Optical molecular imaging is a rapidly developing technique of molecular imaging, which combines optical process with certain molecular properties. Optical molecular imaging analyzes and processes bioluminescence or excited fluorescence in objectives, and studies them qualitatively and quantitatively.
Representative imaging methods of optical molecular imaging technology are fluorescence imaging and bioluminescent imaging (BLI). Both of them belong to two-dimensional luminescent imaging technology. Although the technology is convenient and simple, it has limitations in application, especially for imaging depth, two-dimensional fluorescence image that may not reflect the information of light source depth and hard to quantify it. The two technologies mentioned above can only reflect projection information of fluorescent probes in organisms at a certain angle, which is generated by superposition of multiple depths signals. So, two-dimensional imaging technology has a very low resolution.
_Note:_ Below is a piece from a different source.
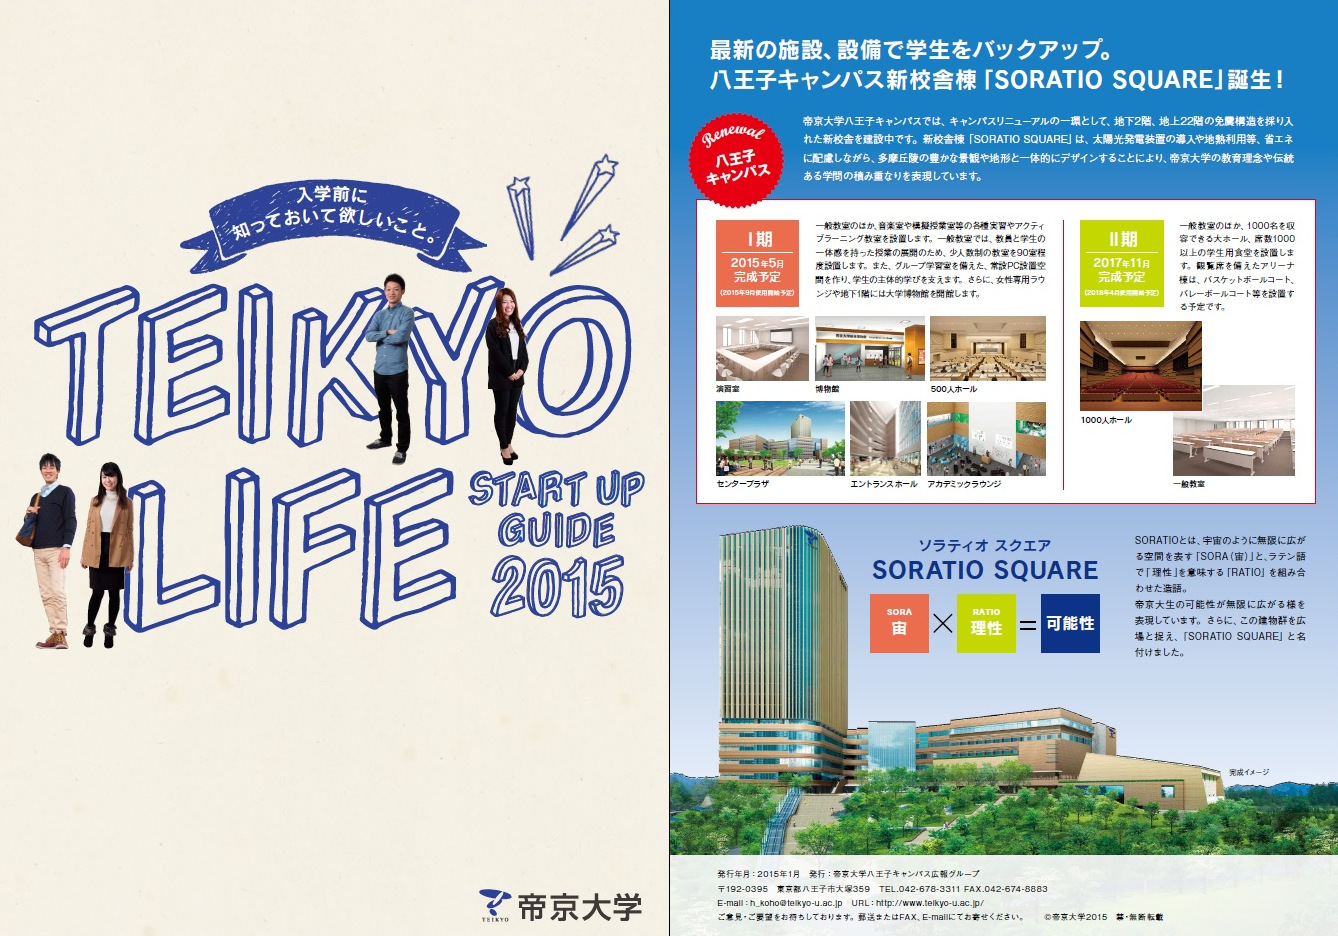 帝京大学八王子キャンパスが入学前準備号冊子「TEIKYO　LIFE　START UP GUIDE　2015」を発刊

BLT developed based on two-dimensional bioluminescent imaging technology has become an important branch of optical molecular imaging because BLT can reflect the information of signal depth. Bioluminescence tomography technology works not by excitation of an external light source, but by a biochemical luminescence reaction in organisms. Photons generated in organisms propagate in a certain way in the biological tissue and constantly interact with it such as to reach body surface. Finally, distribution of the bioluminescent source in a small animal can be reconstructed using the bioluminescent images acquired on the surface of biological tissue by a high sensitivity detector, which reveals activity laws of molecules in vivo in essence.
The photons in biological tissue do not transmit along a straight line, but experience a lot of scattering process, which leads to BLT inverse problems: a highly ill-posed problem in mathematics. And small measurement disturbance from outside will bring great changes to reconstruction results. The researchers did a lot of work to reduce the ill-posedness usually by providing different prior knowledge to the problem from different angles.
The existing methods reducing ill-posedness are mostly based on multiplying spectral information and sparsity of light sources to study BLT reconstruction methods. However, the correlation among multi-spectra is not considered. In mathematics, the method of multi-spectra increases the known quantity of the equation to be solved, which can improve solving results. For BLT, in the method based on multi-spectra, the light source is reconstructed by the data obtained using multiple filters from different wavelengths, while the light source is remained unchanged. In fact, measurements among multi-spectra are not independent, but interrelated, and their common task is the reconstruction of the bioluminescent source. Therefore, the quality of reconstructed BLT images will be likely improved if the correlation among multi-spectra is considered into reconstruction. Based on this, a BLT reconstruction method based on inner-correlation of multi-spectra is proposed in the disclosure.
The disclosure is based on a multitask learning method. Firstly a high order approximation model is used to model the law of light transmission in the biological tissue, then inner-correlation among multi-spectra is researched based on the multitask learning method, and finally on this basis three-dimensional reconstruction of the bioluminescent source is realized.